CMT – DMG
Fully valued; needs the acquisition push
Raising our target price to S$1.45 from S$1.74. Our DDM-backed target price reflects a lower cost-of-equity assumption of 9.3% (10.2% previously). We reduced our risk free rate assumption by 50bps due to continued low interest rates. CMT will be reporting 3Q09 results on 22 Oct and we expect annualised DPU of 8.39¢, a 41.3% decline over FY08. The decline in DPU is attributed to the rights adjustment. Maintain NEUTRAL. Await entry at S$1.55.
Attention could shift to CapitaMall Asia (CMA). The potential listing of CMA as an alternative Asian retail play could entice major investors. We believe this would be mildly negative on CMT. However, CMT still holds the first right of refusal to CMA’s assets including ION Orchard. We have not factored this into our estimates.
Actively scouting for assets. CMT has articulated its criteria for acquisitions as: 1) initial DPU accretion; 2) scope for asset enhancement; and 3) sustainability of market rents. We understand CMT is particularly keen on third party malls especially those of Pramerica, which could provide a strategic fit with its existing portfolio. Pramerica owns 4 suburban malls in Singapore.
Strong connectivity to boost retail footfalls despite rising competition. Singapore will see an unprecedented increase in retail space of 5.3m sqft by 2011. Out of which, downtown accounts for half of this new supply.

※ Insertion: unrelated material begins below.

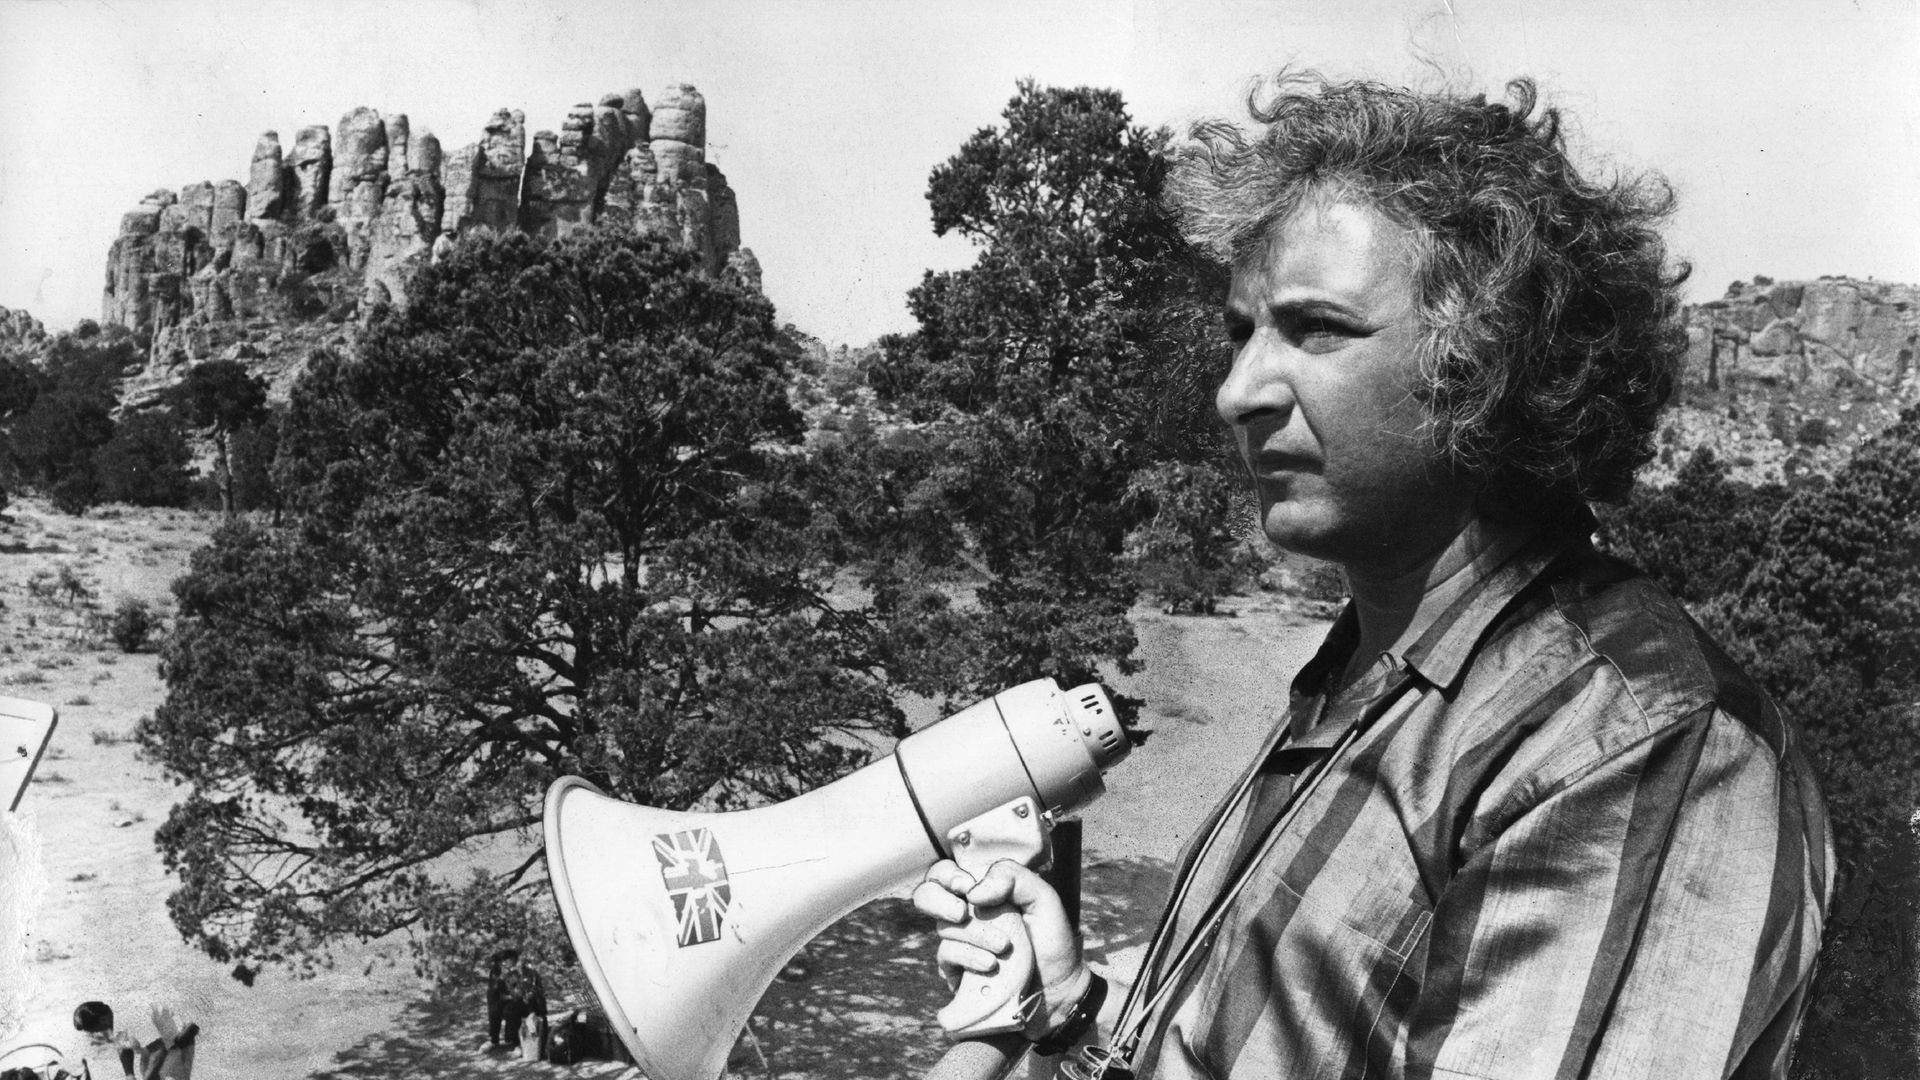 Michael Winner, on location in Cambridge, directing The Nightcomers. The 1971 film starred Marlon Brando - Credit: Getty Images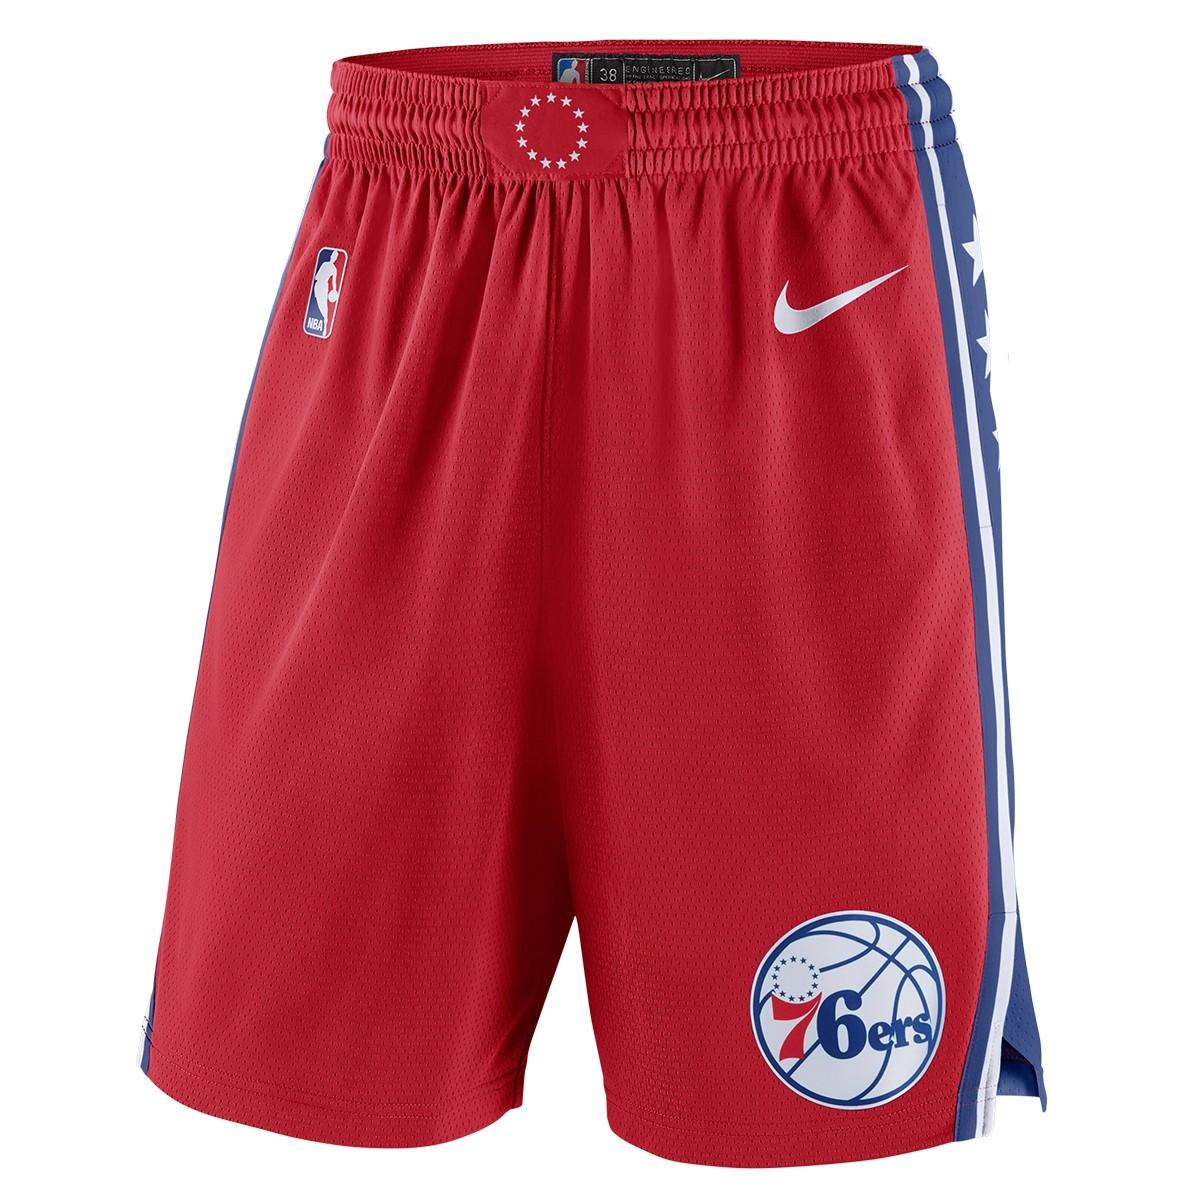 Nike NBA Phila Swingman Short 19/20 'Statement Edition'

Raffles City and Plaza Singapura (~30% of CMT’s rental income) are situated within this zone. We therefore expect higher competition; however this will be mitigated by its excellent connectivity to MRT stations. We are sanguine that the opening of the Circle Line and the two integrated resorts in 2010 will boost shopper traffic.
Maintain NEUTRAL rating. CMT trades at an unattractive 5.2% FY10 yield. While we continue to recognize CMT’s impeccable mall management expertise, valuations for the counter appear rich compared against its historical heyday yield of 5.7%. With a subdued earnings visibility, we view risk-returns on the counter as unfavourable and recommend investors not to accumulate the stock at current levels.